Ванька осторожно протянул ладонь и позволил дракону залезть на нее. При этом он следил, чтобы Тангро касался ладони только брюхом. Огненный гребень на его спине в считаные мгновения превратил бы ладонь в подрумяненную котлету.
– Никто. Они не успели, – просто ответил Ванька. – Старая волшебница отлично умела читать по глазам. Она поняла, что принцесса сомневается, как и эльф. Она забрала косточку от груши, взяла пузырек с зельем и сказала: «Идите прочь, дураки! Не отнимайте у меня время! Даже если кто-то из вас решится, он никогда не простит другому, что сделал это. А раз так, не хочу переводить на вас свое зелье и свою косточку!»
– Заткнись! Ты сам не знаешь, что несешь! – крикнула Таня.
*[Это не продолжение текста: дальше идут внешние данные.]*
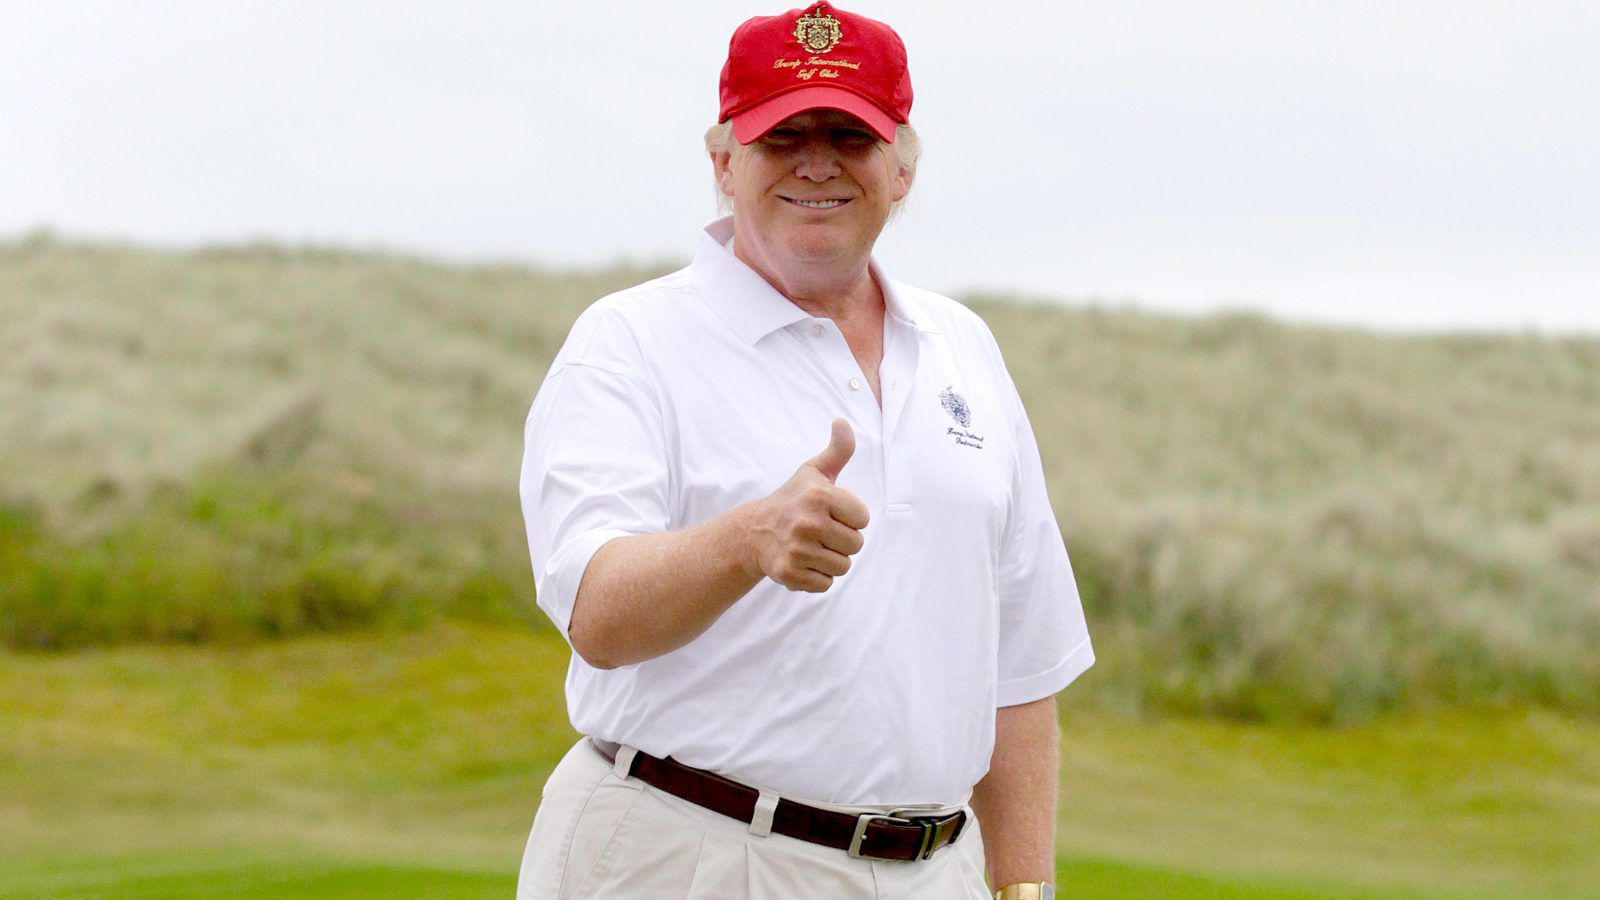 Donald Trump Hits Hillary Clinton In The Head With A Golf Ball

Крикнула и ужаснулась. Грубость как таковая была ей несвойственна. Тане казалось, она навеки оставила ее на застекленной лоджии квартиры Дурневых. Ванька попытался положить руку ей на плечо, но она ее сбросила.
– Ты ничего не понимаешь, Валялкин! Твои два дурака – эльф и принцесса – любили друг друга недостаточно сильно. И оба были эгоисты. Он трясся над своими крыльями, она дорожила троном, – сказала Таня устало.
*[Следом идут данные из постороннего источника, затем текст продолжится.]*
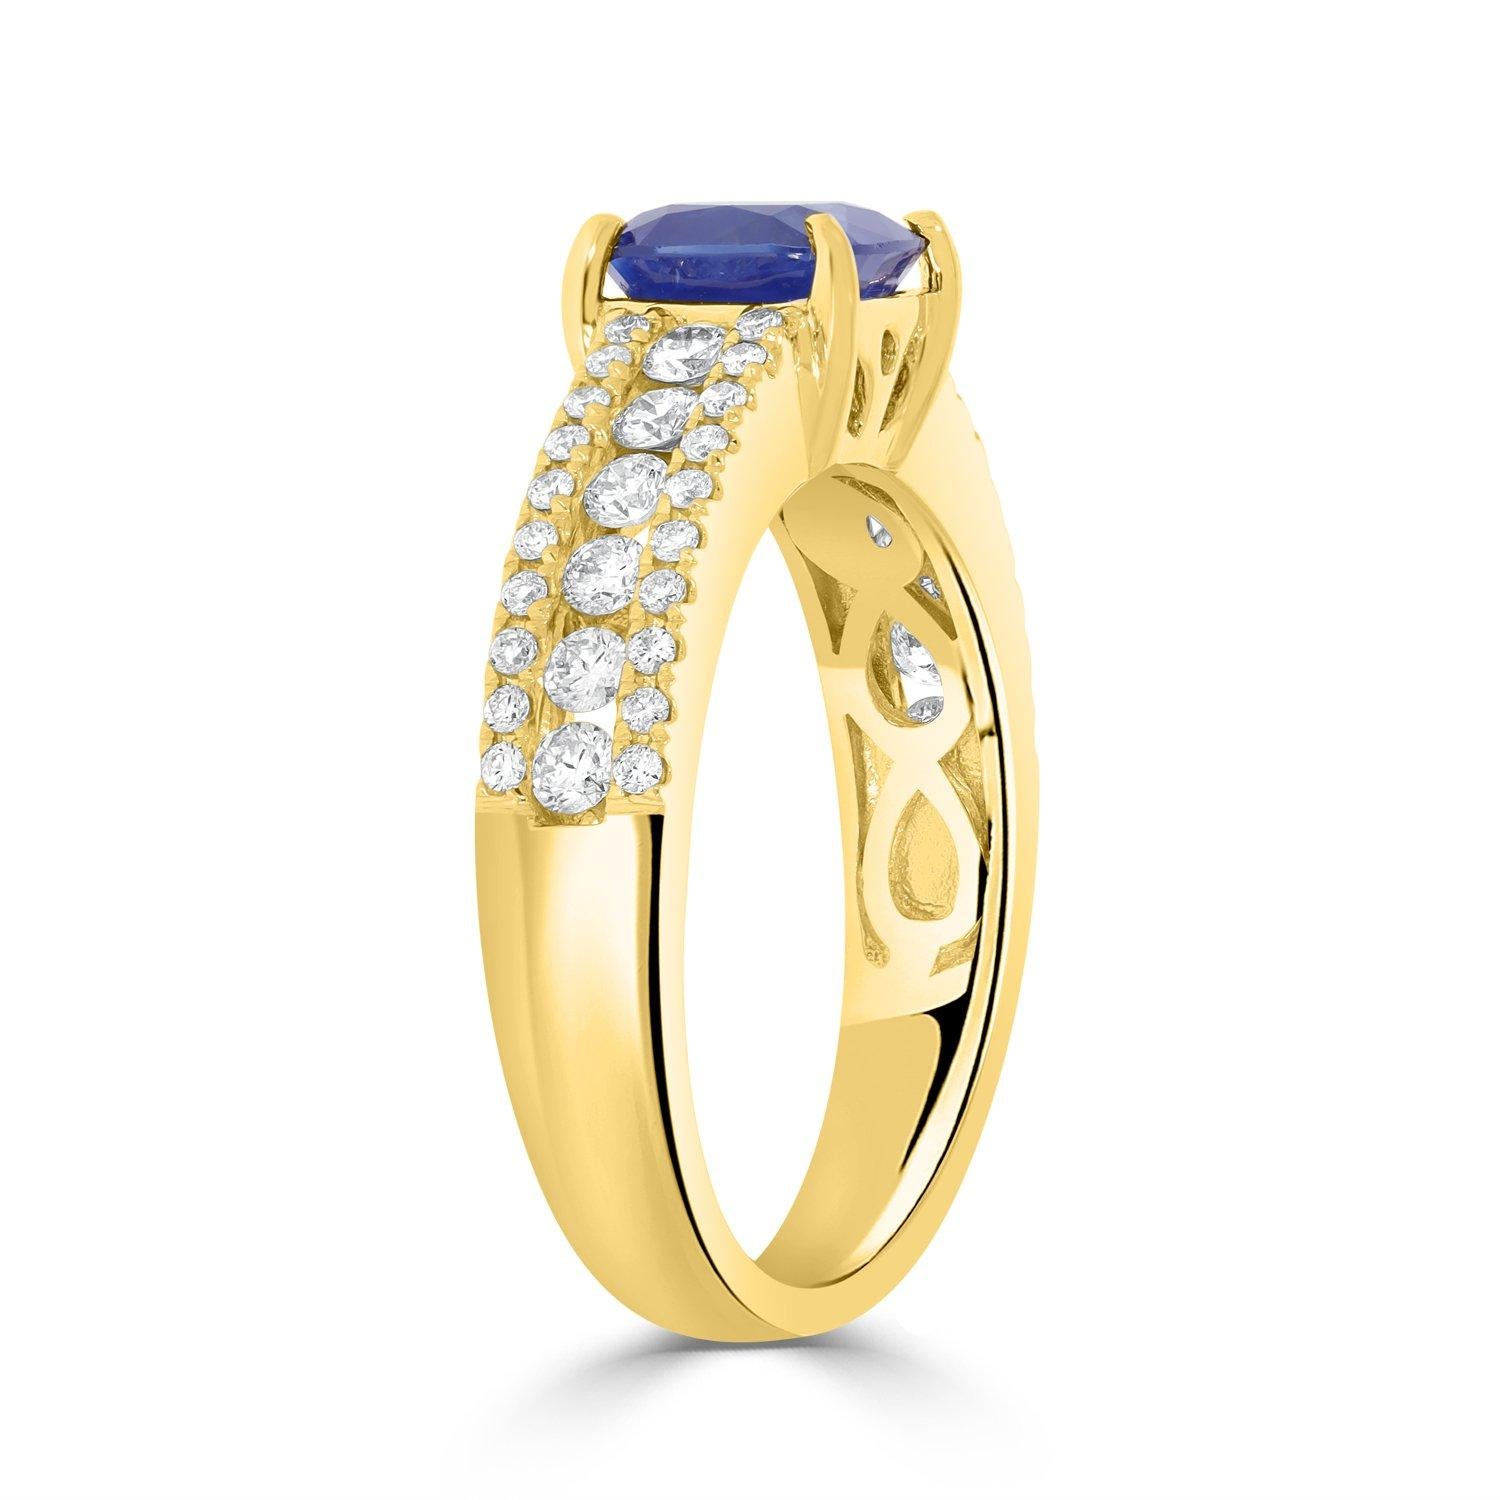 Cushion Cut 1.56Ct Sapphire Ring with 0.58Tct Diamonds Set in 14K Yellow Gold

– Нет, – не согласился Ванька. – Они не были эгоистами и любили друг друга так, как никто и никогда не любил до них. Просто все дело в том, что жизнь не состоит из одной любви. Любовь – это десерт, это удовольствие, но никак не основное блюдо. Кроме любви, в жизни каждого есть цель. Что-то чудовищно важное, глобальное, для чего человек приходит на свет. Его миссия, его сверхзадача, его долг перед самим собой и перед миром. Для эльфа – небо, а для принцессы – интересы ее народа.
Таня поморщилась. Ванька говорил, безусловно, важные и правильные вещи, но вот зачем? Какие цели он преследовал?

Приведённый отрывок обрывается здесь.